Seriously, why don't you let people do this?


Handling URLs with multiple slashes in them is tricky, lots of websites silently fold them into one and return the same content, so this seems like something we should handle in the same way in search.


Does this explain why Google search results have degraded the last 6 months? I am not trolling -seriously- for me googling first is hardly worthwhile nowadays. A user from the Netherlands. If there was a way to still use the 2009 search index, i would!!


If you want to send me specific queries (the more general, the better) and what went wrong in the search results for them, I'm more than happy to forward them to the team that works on that. I'm [this-user-name] AT google.com


There actually is a way to use the pre-2012 search index!

Just use http://www.google.com/custom I use either DuckDuckGo or this site all the time, I'd probably switch to DuckDuckGo completely if this search would go down.


Lovely but doesn't use an old index.
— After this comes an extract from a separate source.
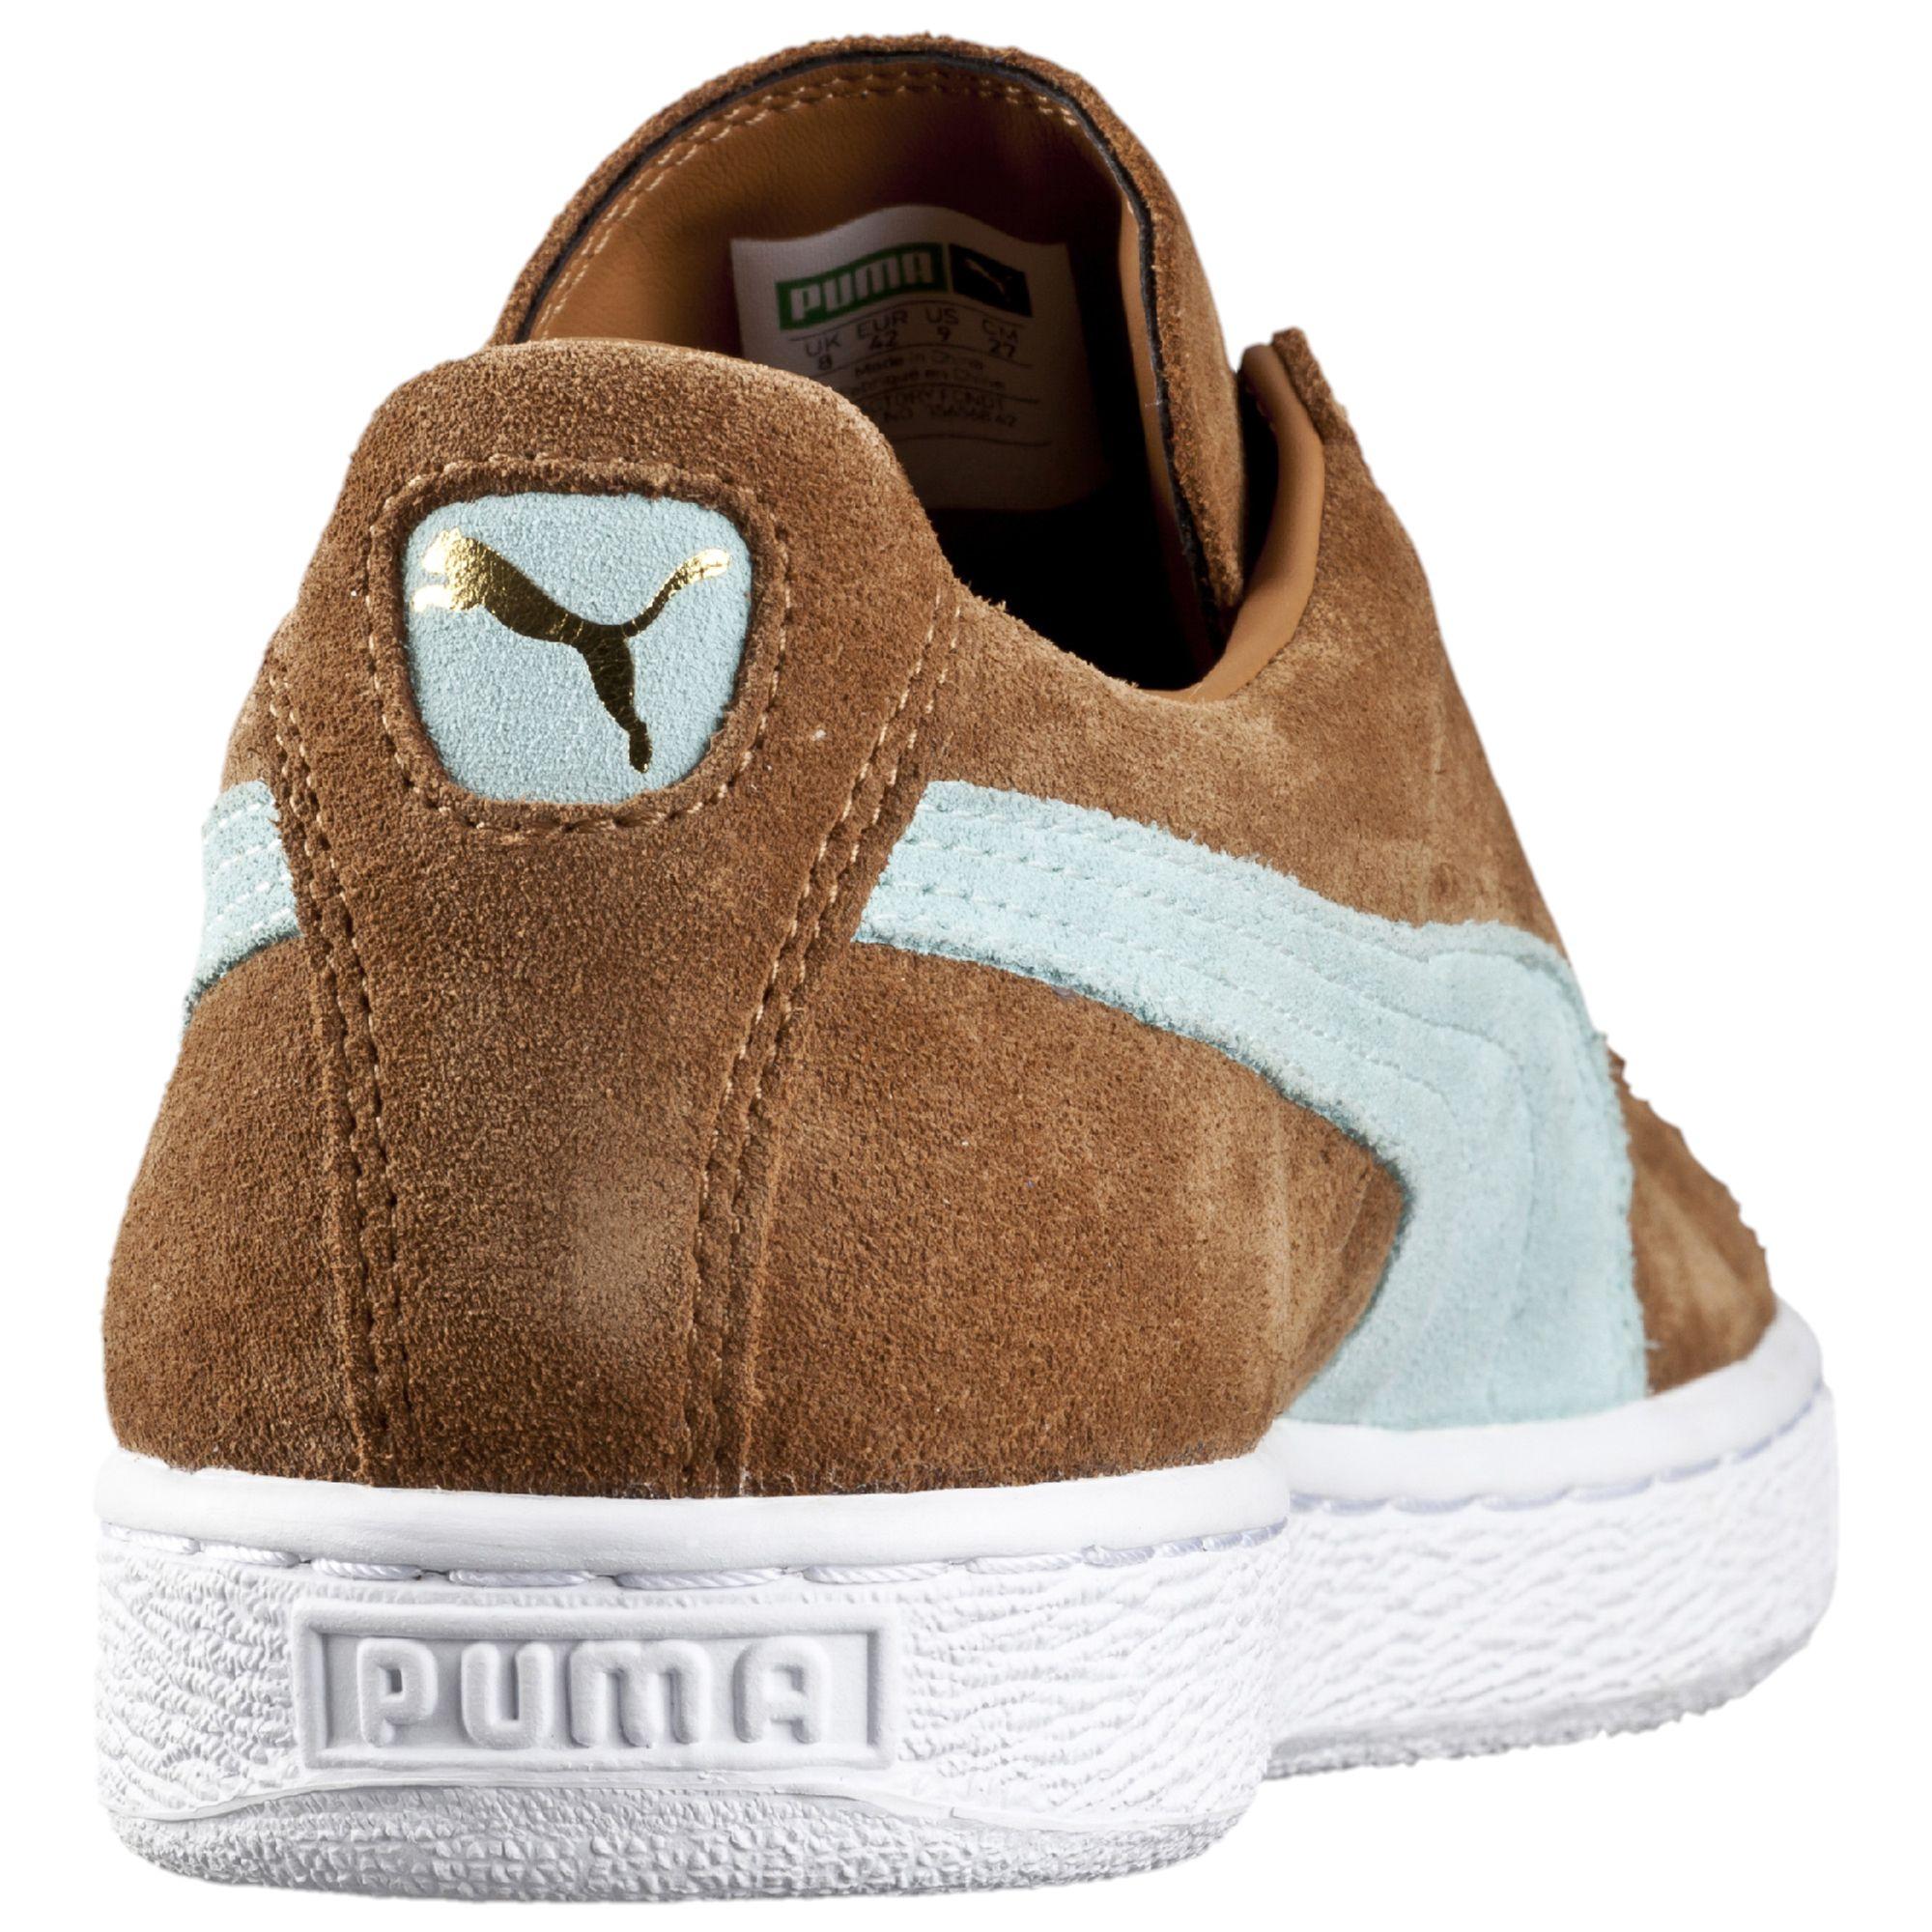 puma suede classic brown

Just searched for the name of an album released in 2013. Usual results.


Nooooooo! I'm going to be curious forever now.


And web archive indexes it's internal IP addresses and a... live printer: http://web.archive.org/web/*/http://printer


Which from the snapshot, shows an IP that's... still online: http://208.70.27.164/hp/device/this.LCDispatcher


Yep. A whois confirms it's their IP address.

Which is nothing wrong on it's own, as long it's protected by good password and doesn't fail to likes of thc-hydra.

They also had some ancient snapshots from 192.xxx range


And it appears to have been jammed since 2009.


Ouch. Stuff like this is just a confused deputy security vulnerability waiting to happen. Whenever I write code to fetch a resource based on user input (and a crawler following a link is a form of user input) I check to make sure I'm not going to fetch something on an internal network.



They fixed the OP issue by now, but this still works..


Looks like it's got fixed because i cannot see any results.


All of the results are HostGator coupons, anyone else seeing the same?


Yes. Look at the query:

    search?q=site%3Ahttp%3A%2F%2Fwww.google.com 
    %2F%2Fsearch%3Fq%3Dproranktracker.com%2B%2B 
    %2BHostgator%2BCoupon%2BCode%3ACOUPON333&pws=0& 
    hl=en#pws=0&hl=en&q=site:http:%2F%2Fwww.google.com 
    %2F%2Fsearch


Even if you take the search string site:http://www.google.com//search and put it into a fresh Google search, it only returns HostGator coupons. Maybe someone from Google can explain it.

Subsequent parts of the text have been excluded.